EXERCISE DETAILS: The listing is to be repeated exactly, and its pictures are to be left out.

SUPPLIED DATA:
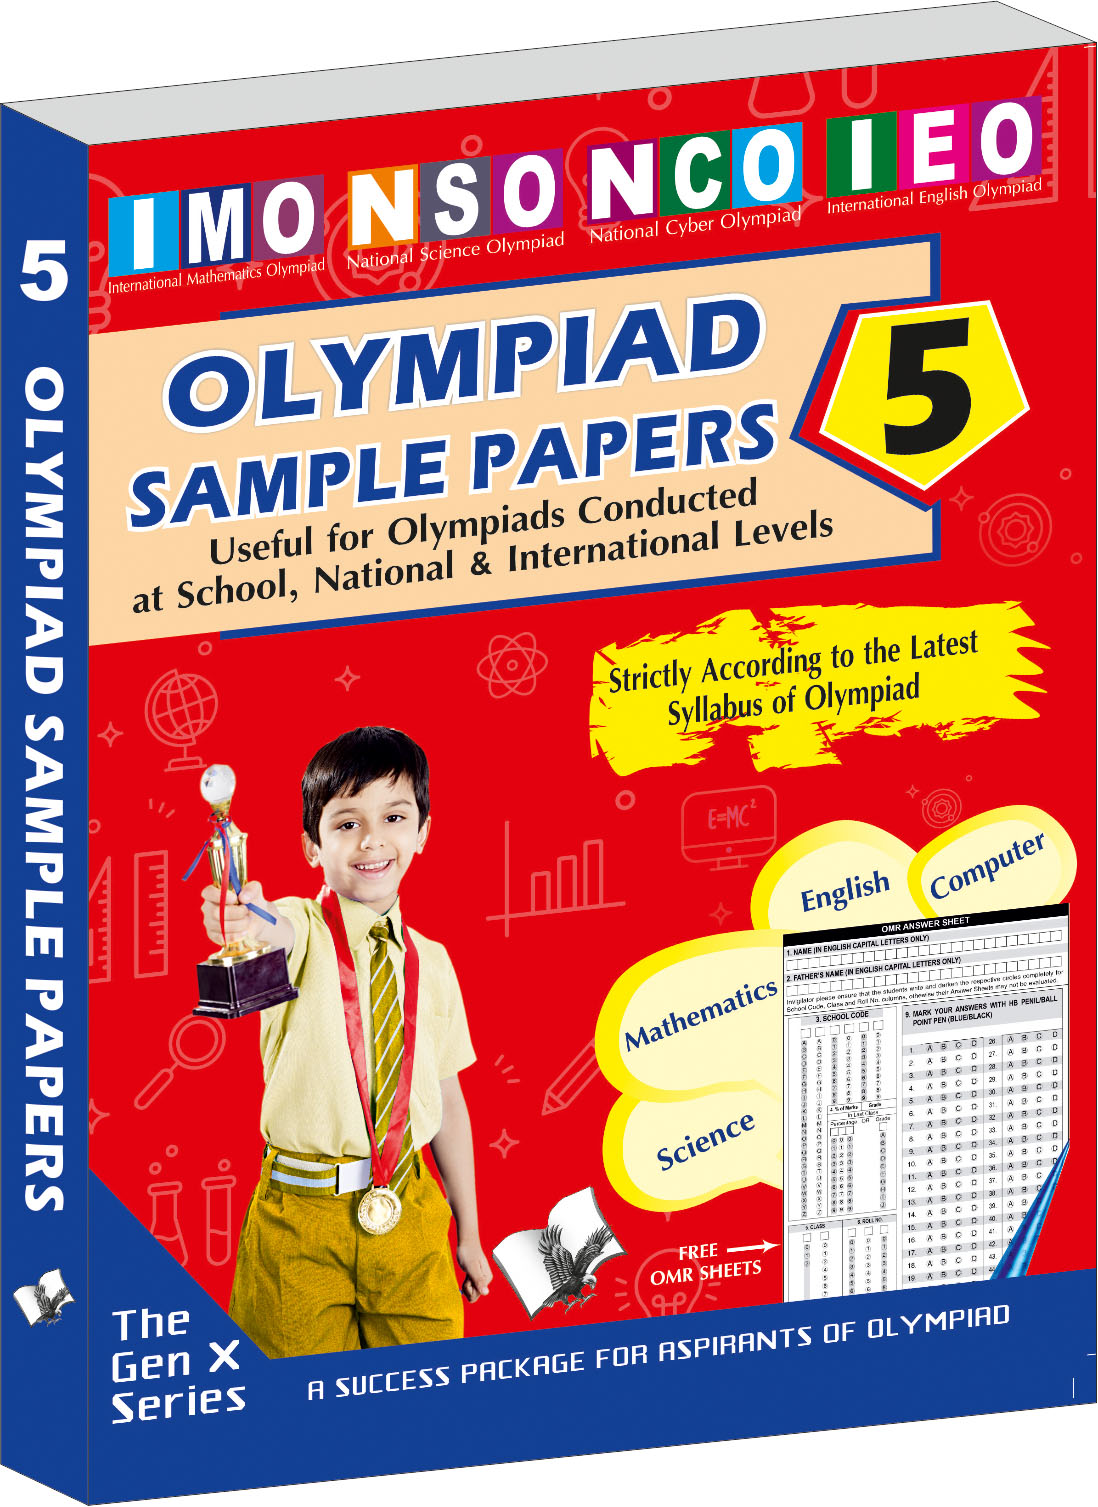 Olympiad Sample Paper 5-Useful for Olympiad conducted at School, National & International levels
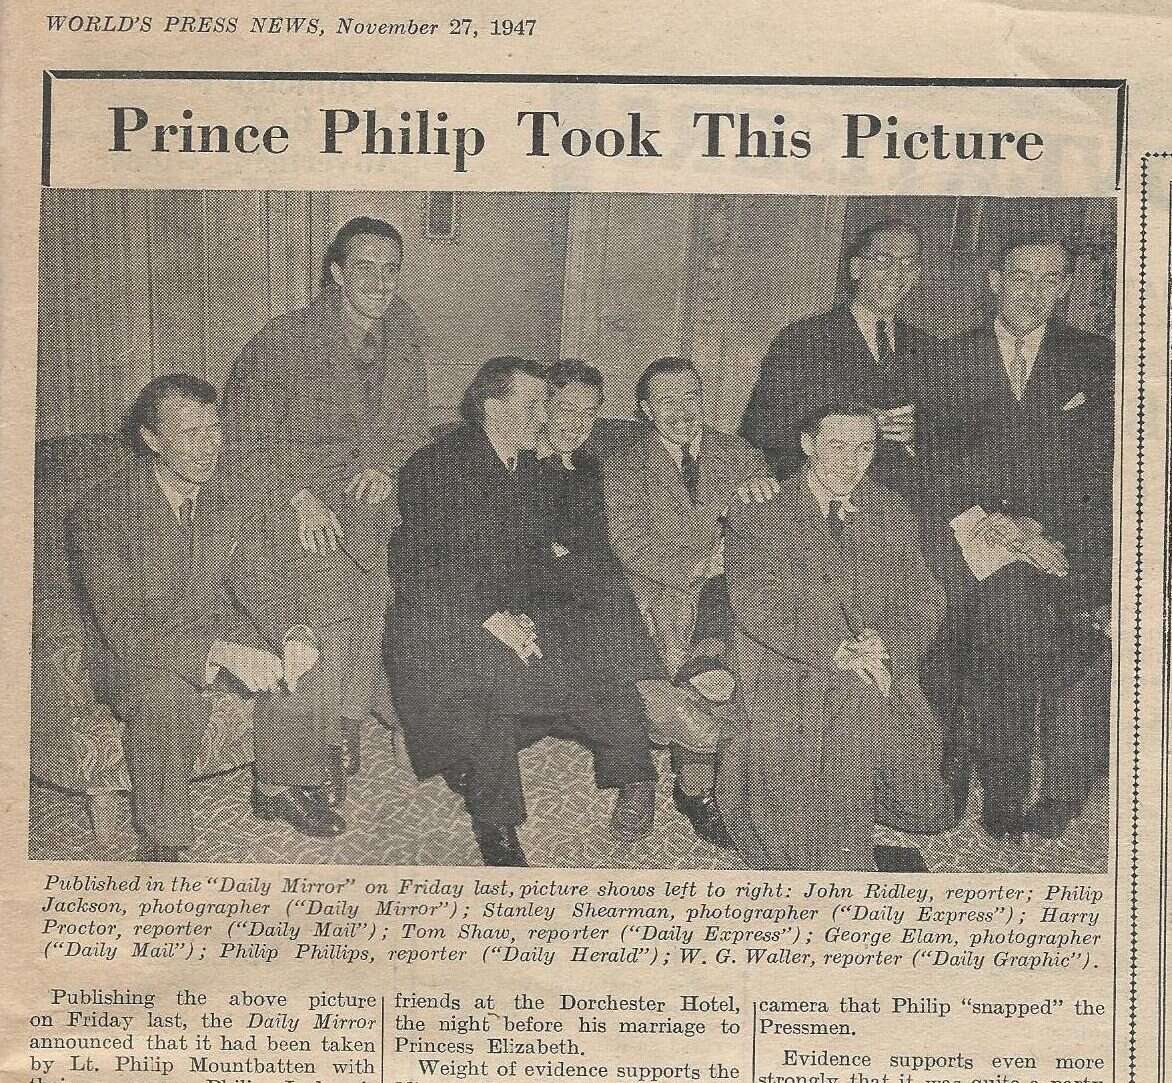 Remembering when Fleet Street journalists blagged their way into Prince Philip's stag do
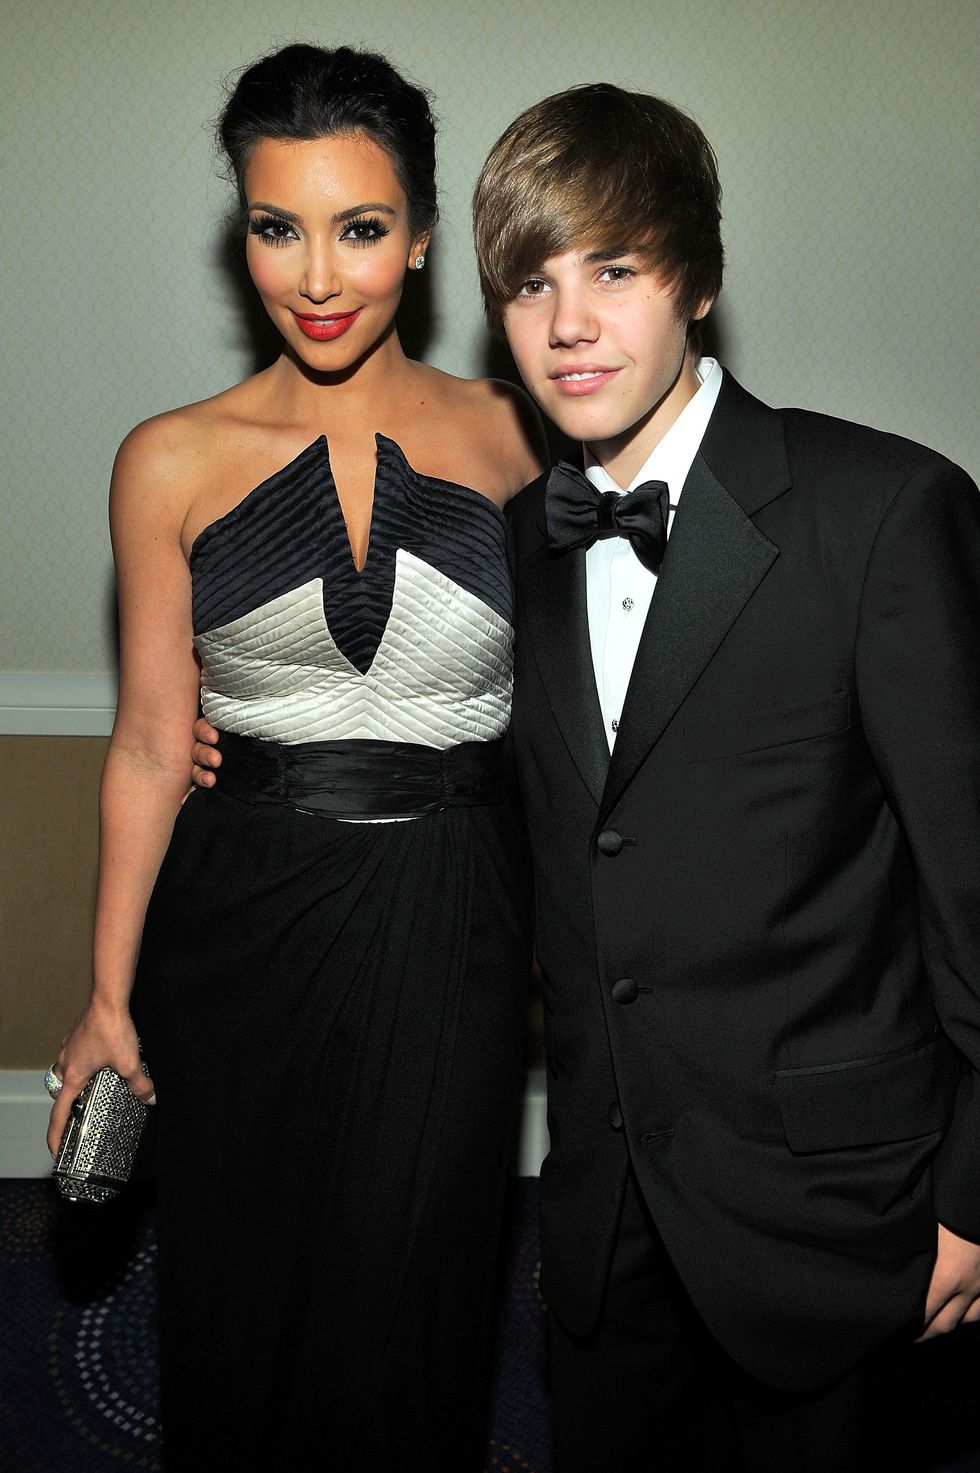 washington may 01 kim kardashian and justin bieber attend the timecnnpeoplefortune 2010 white house correspondents dinner pre party at hilton washington hotel on may 1, 2010 in washington, dc photo by larry busaccagetty images for time inc
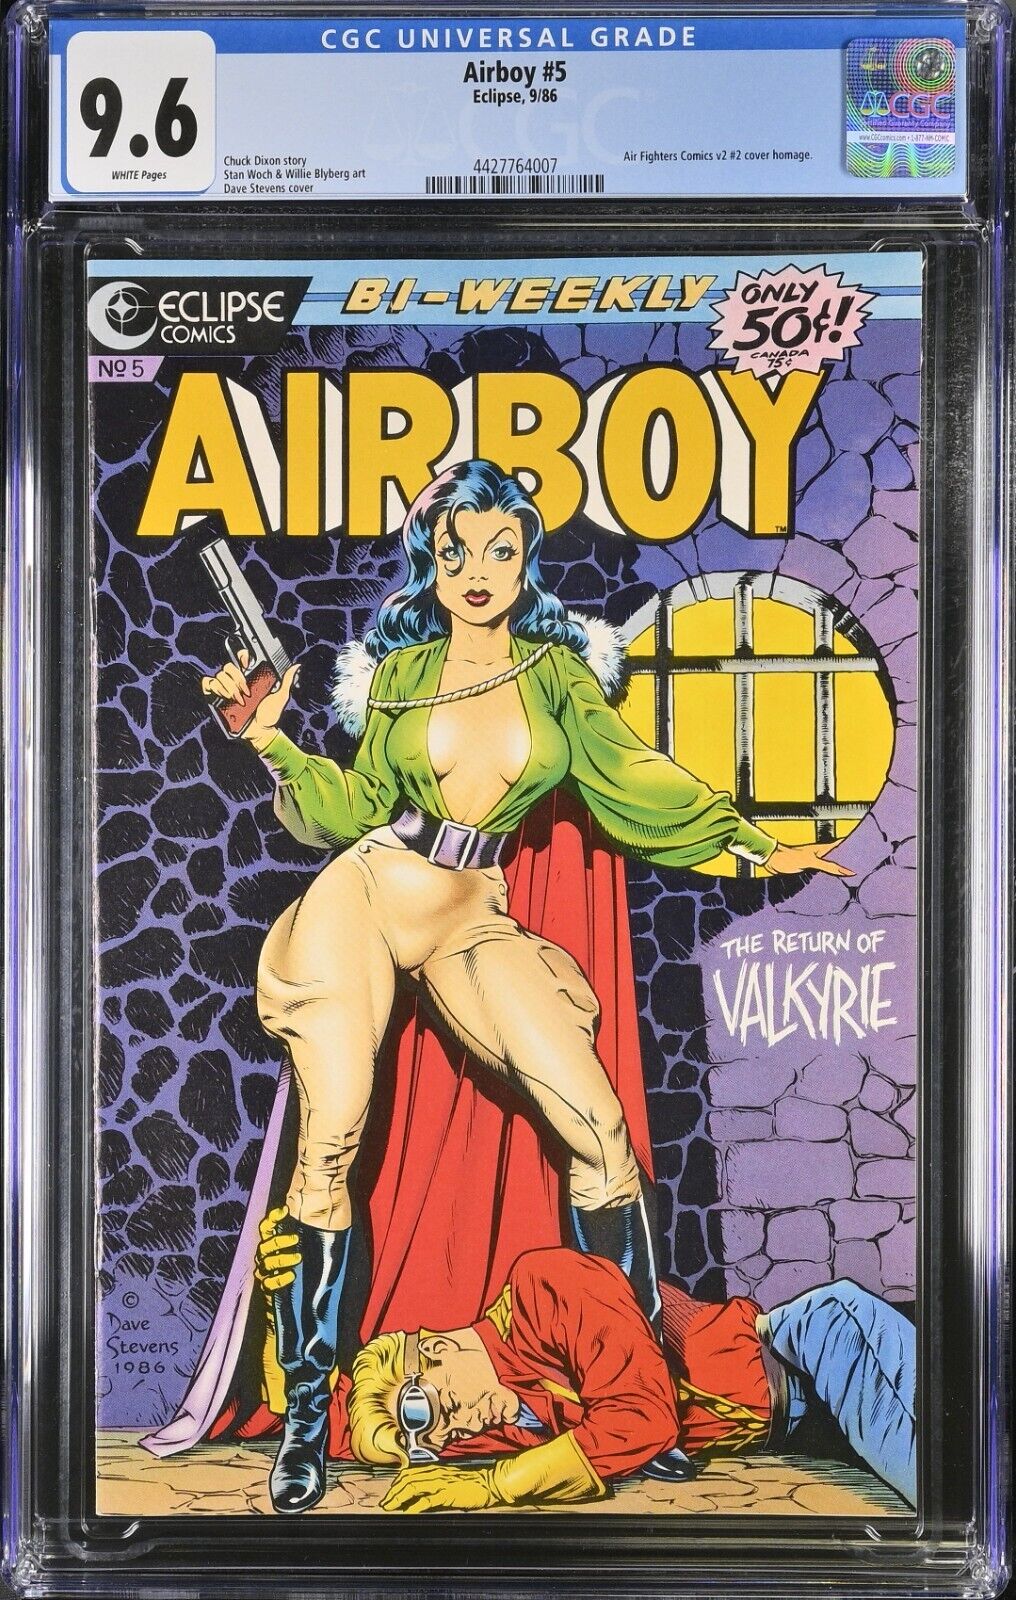 AIRBOY #5 ECLIPSE CGC 9.6 NM+ WP ICONIC DAVE STEVENS VALKYRIE COVER SHIPS FREE

ANSWER TO THIS PROBLEM:
 Olympiad Sample Paper 5-Useful for Olympiad conducted at School, National & International levels
 Remembering when Fleet Street journalists blagged their way into Prince Philip's stag do
 washington may 01 kim kardashian and justin bieber attend the timecnnpeoplefortune 2010 white house correspondents dinner pre party at hilton washington hotel on may 1, 2010 in washington, dc photo by larry busaccagetty images for time inc
 AIRBOY #5 ECLIPSE CGC 9.6 NM+ WP ICONIC DAVE STEVENS VALKYRIE COVER SHIPS FREE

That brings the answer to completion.